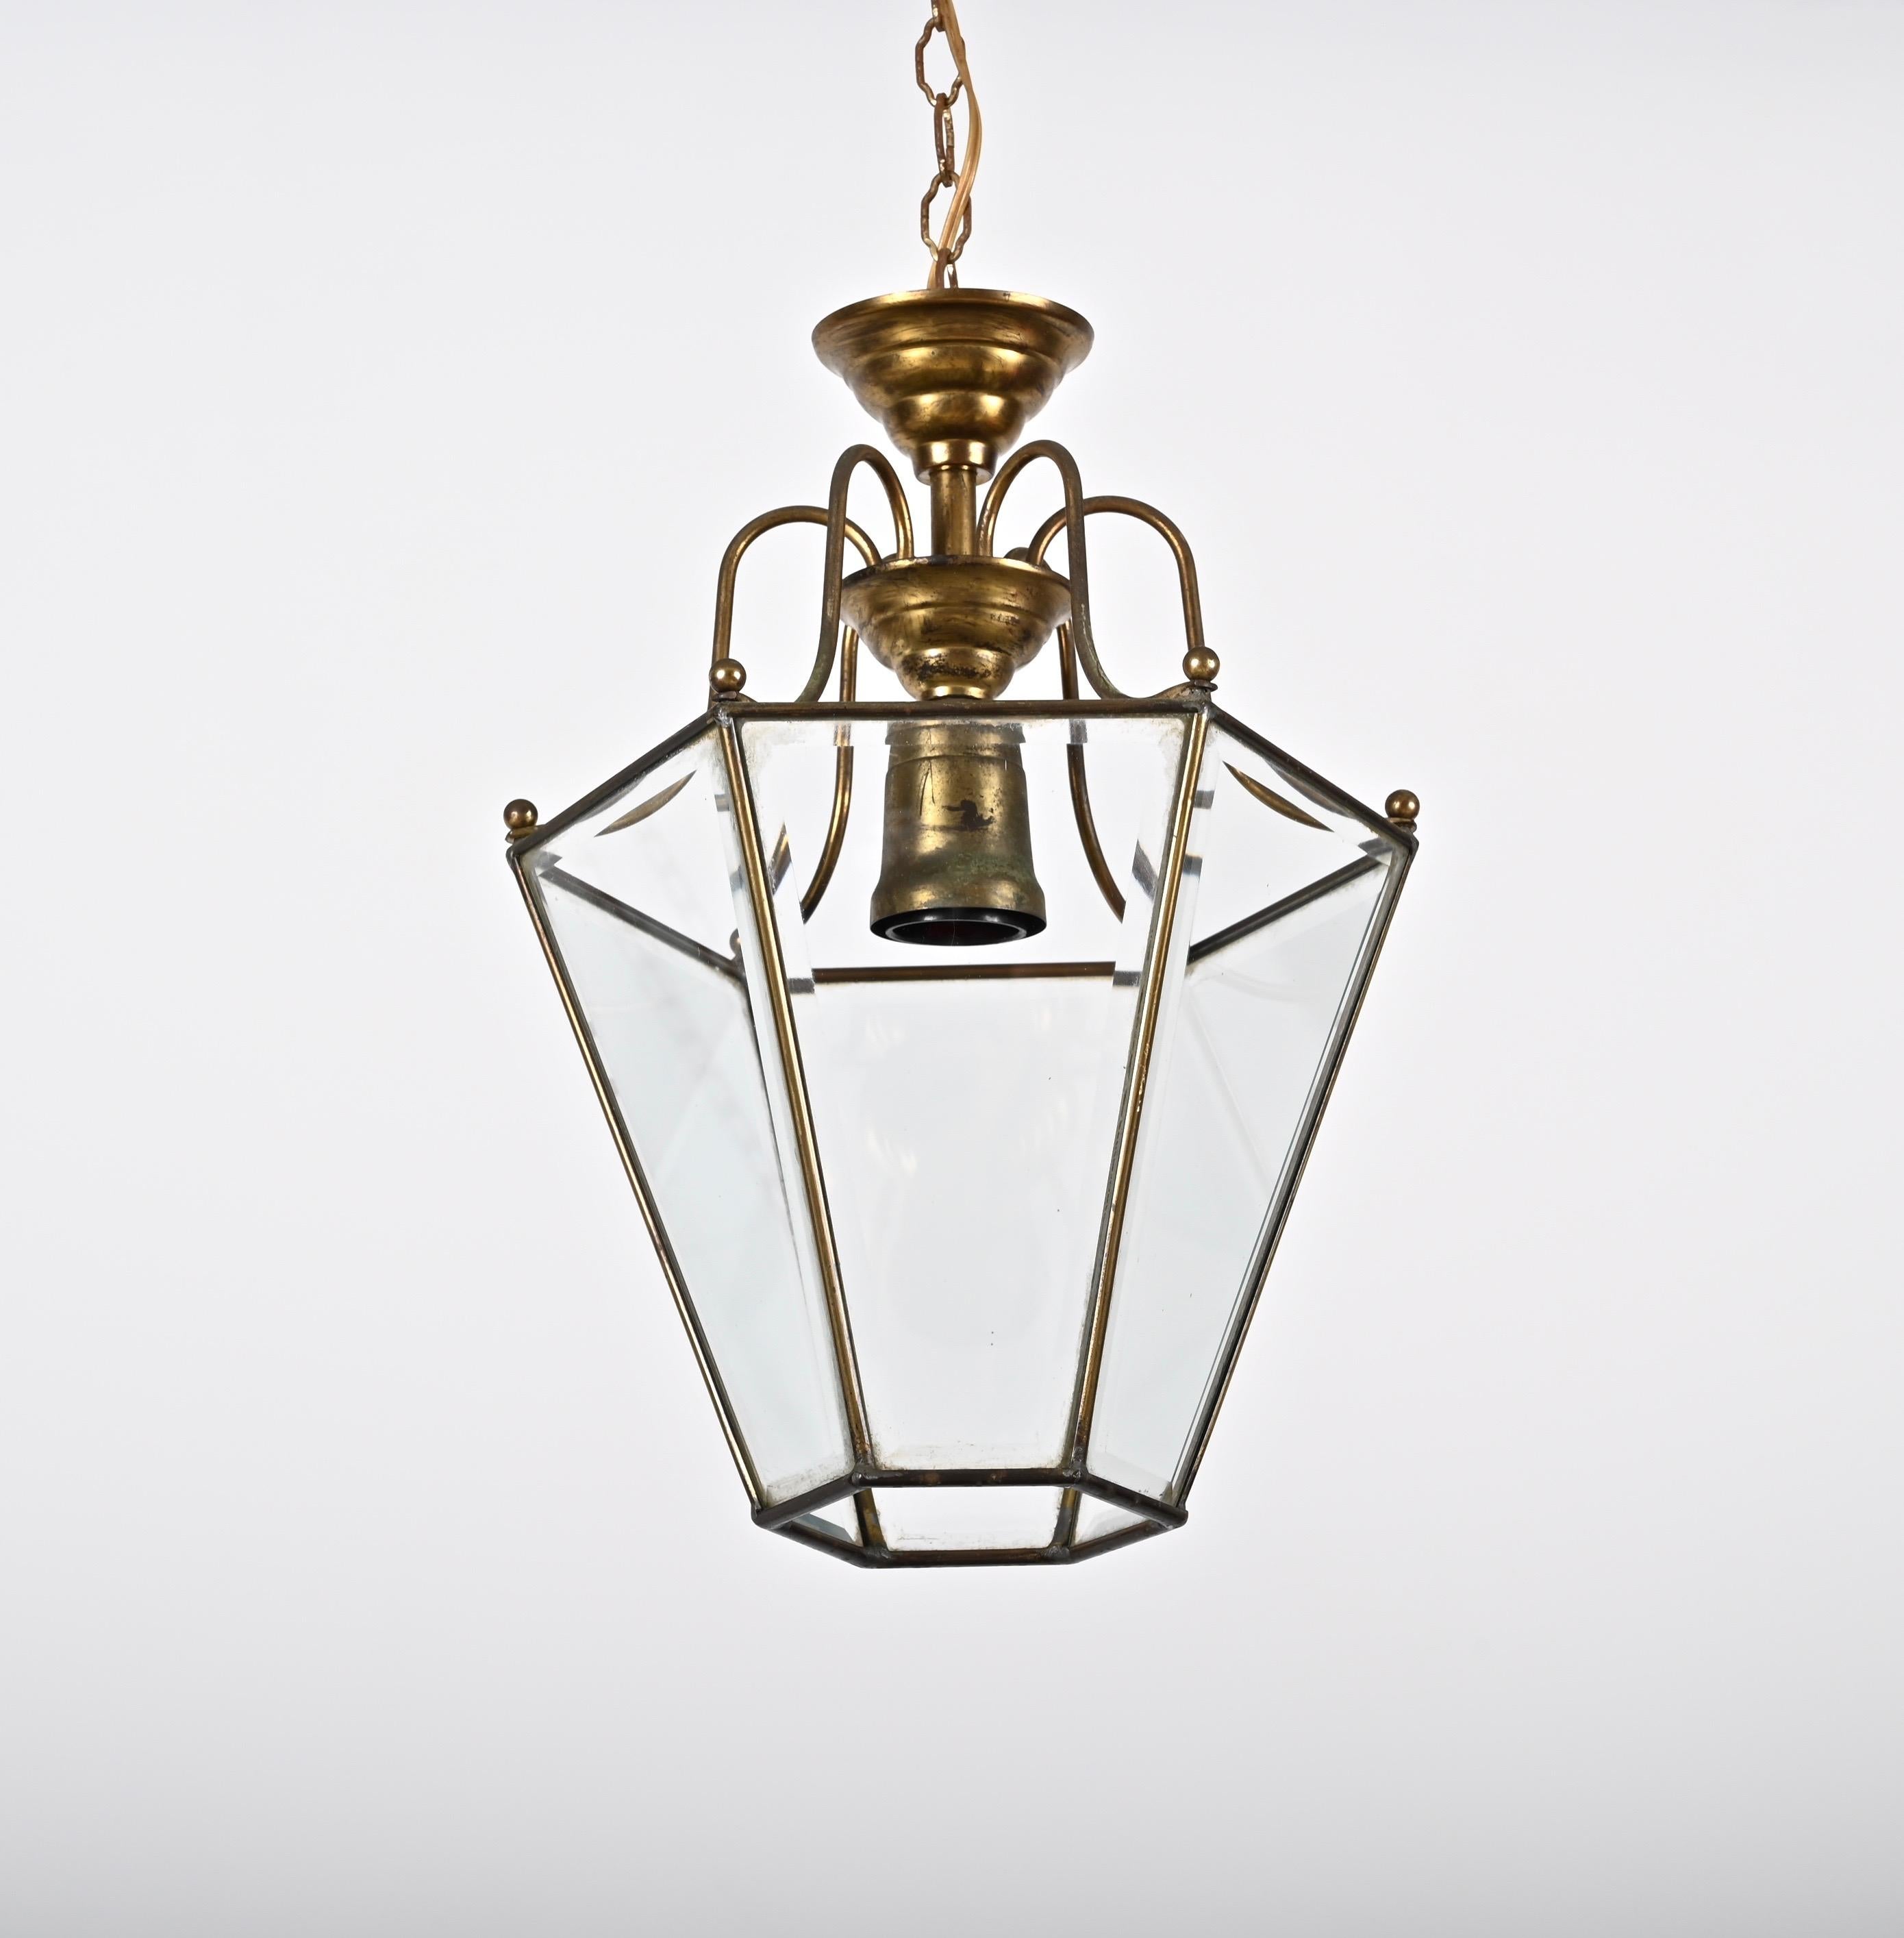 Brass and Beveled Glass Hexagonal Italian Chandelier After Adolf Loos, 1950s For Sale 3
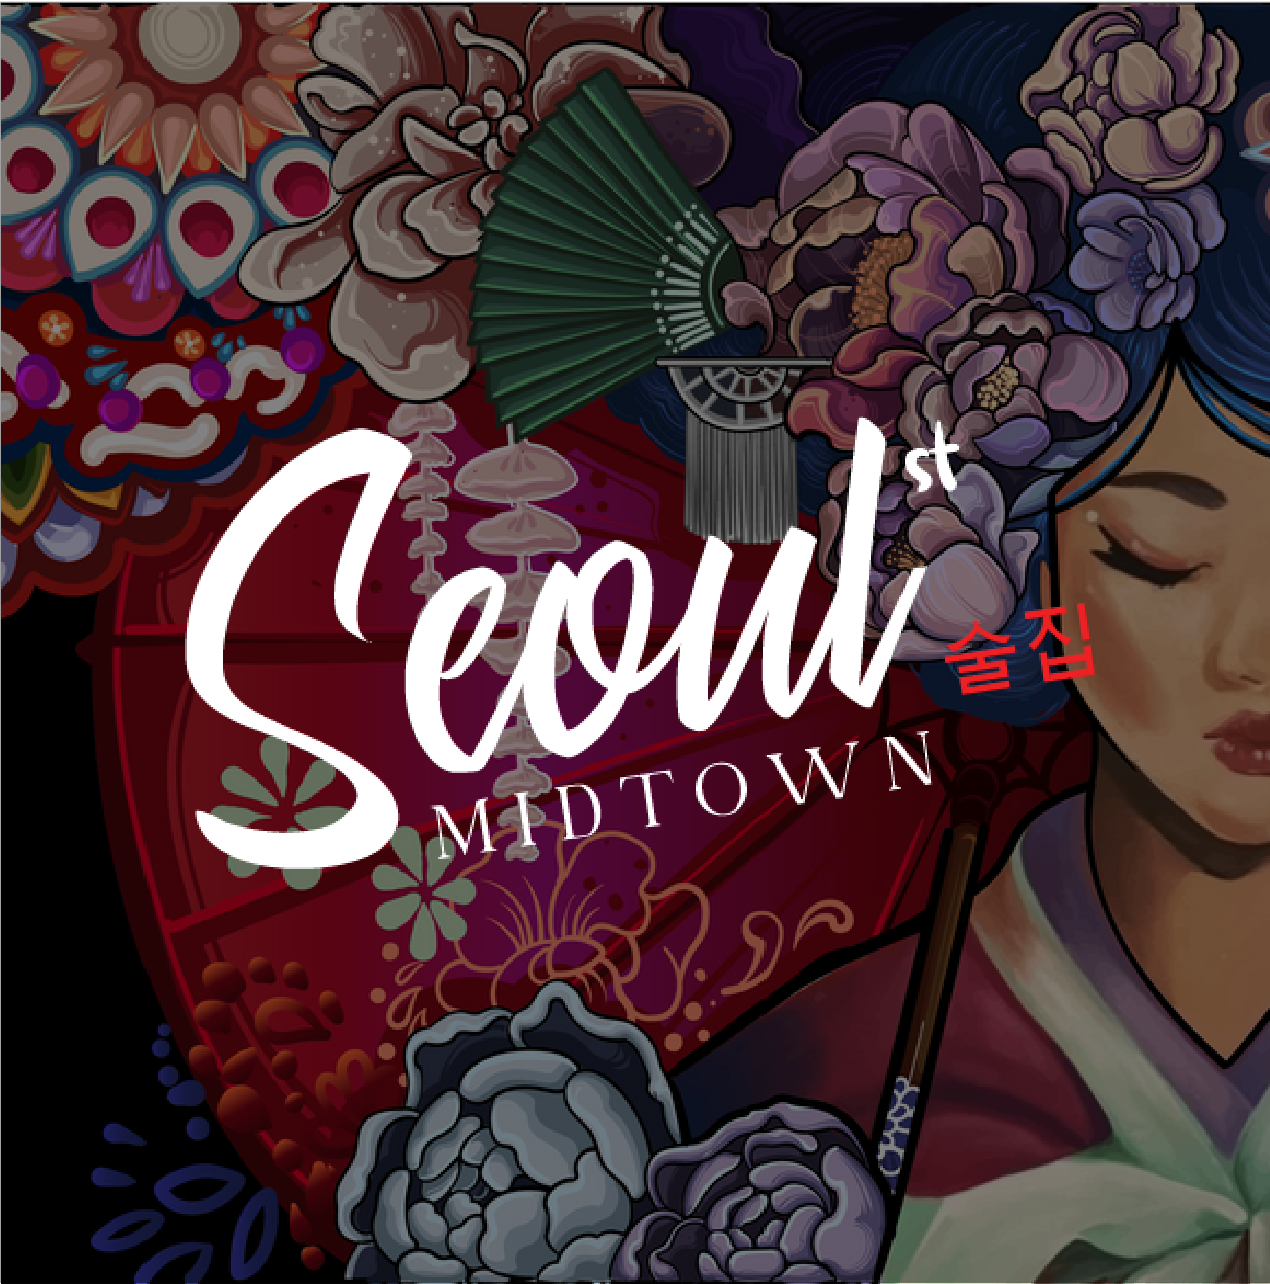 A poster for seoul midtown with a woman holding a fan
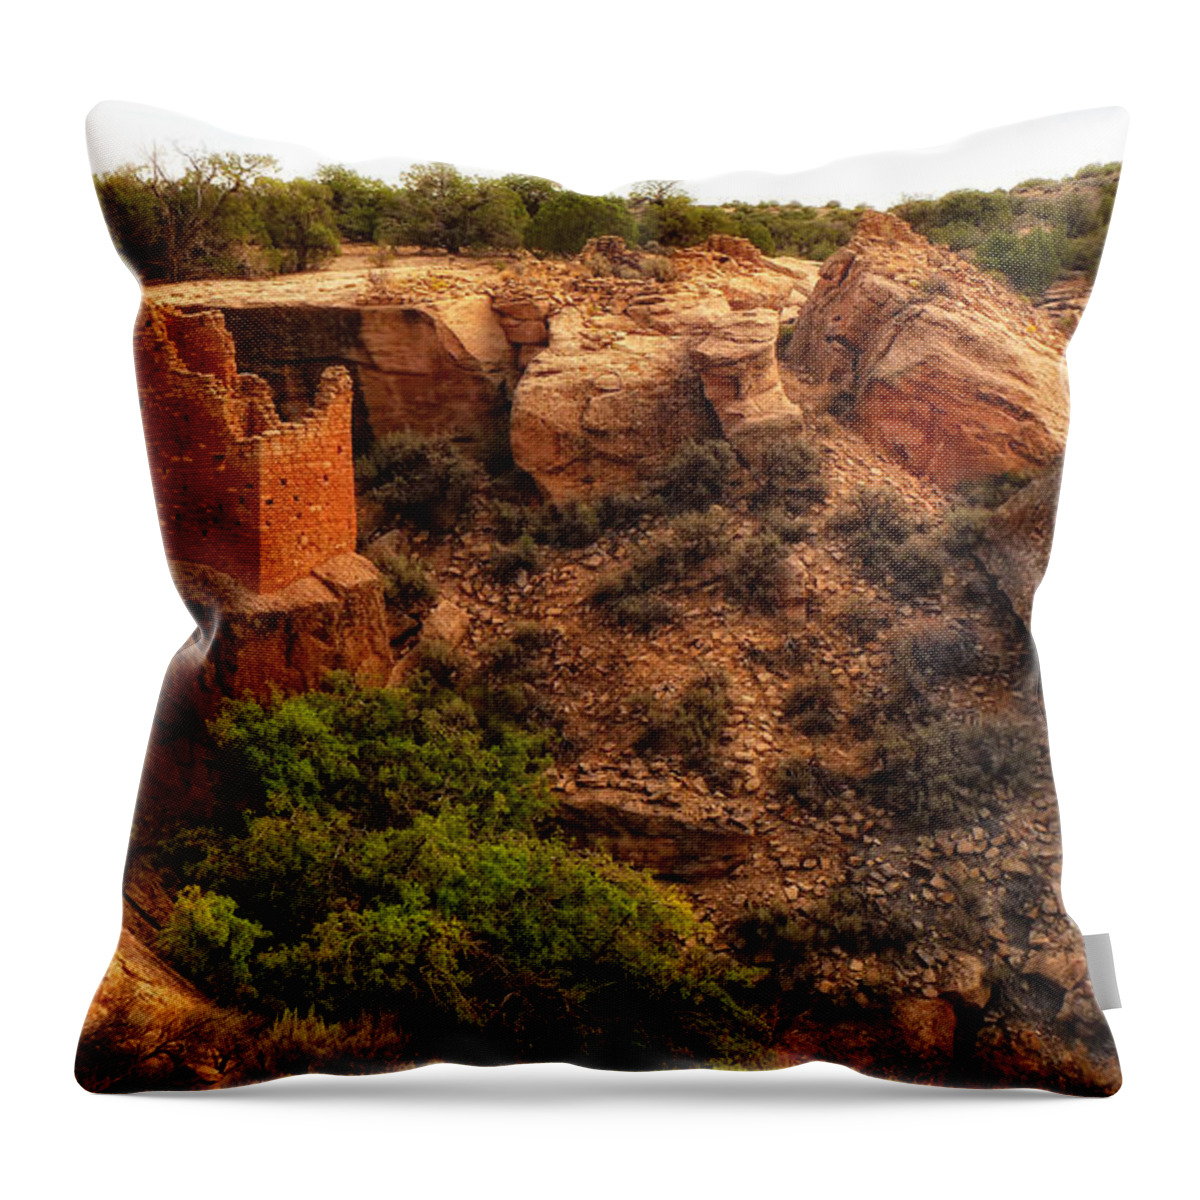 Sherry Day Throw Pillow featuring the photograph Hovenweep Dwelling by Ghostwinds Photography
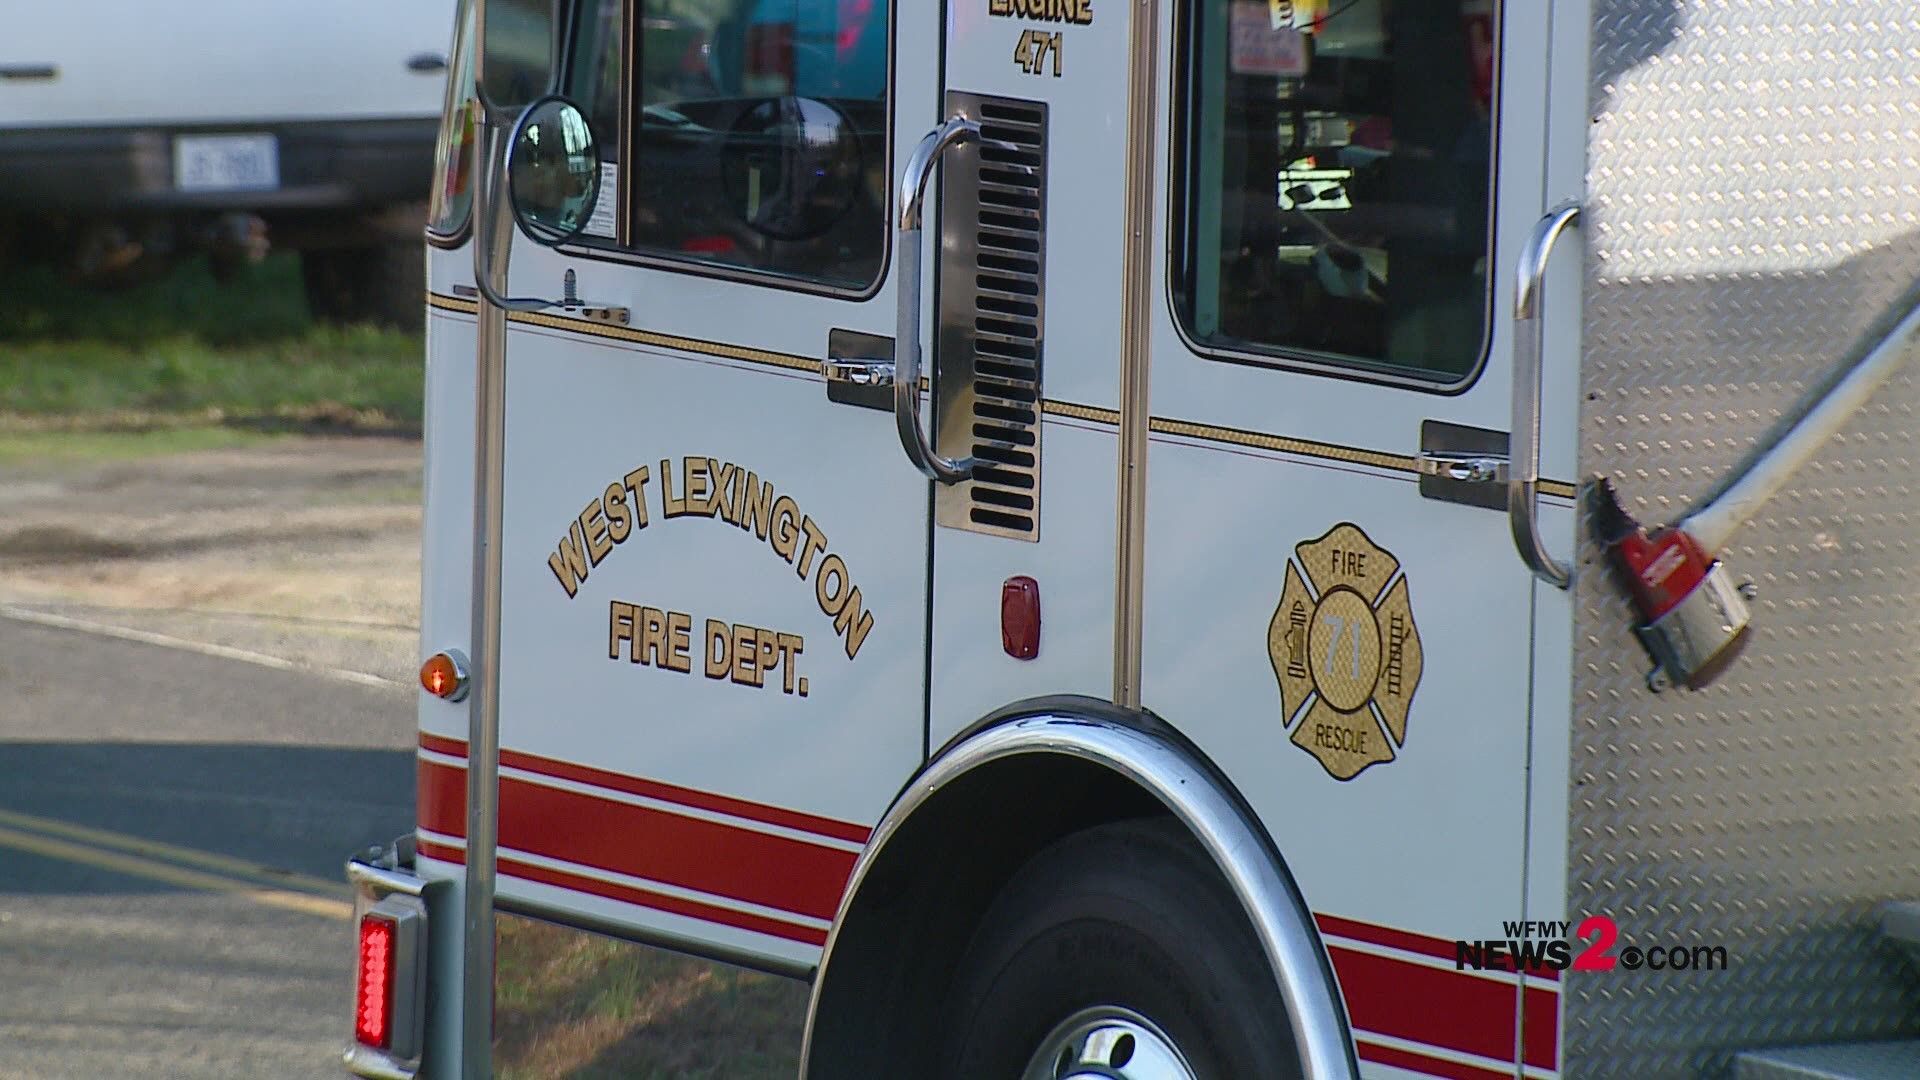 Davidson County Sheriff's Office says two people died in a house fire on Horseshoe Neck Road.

Required action: Word-for-word transcription: the whole listing, with images excluded.

Solution to the problem:
 Brass and Beveled Glass Hexagonal Italian Chandelier After Adolf Loos, 1950s For Sale 3
 A poster for seoul midtown with a woman holding a fan
 Sherry Day Throw Pillow featuring the photograph Hovenweep Dwelling by Ghostwinds Photography
 Davidson County Sheriff's Office says two people died in a house fire on Horseshoe Neck Road.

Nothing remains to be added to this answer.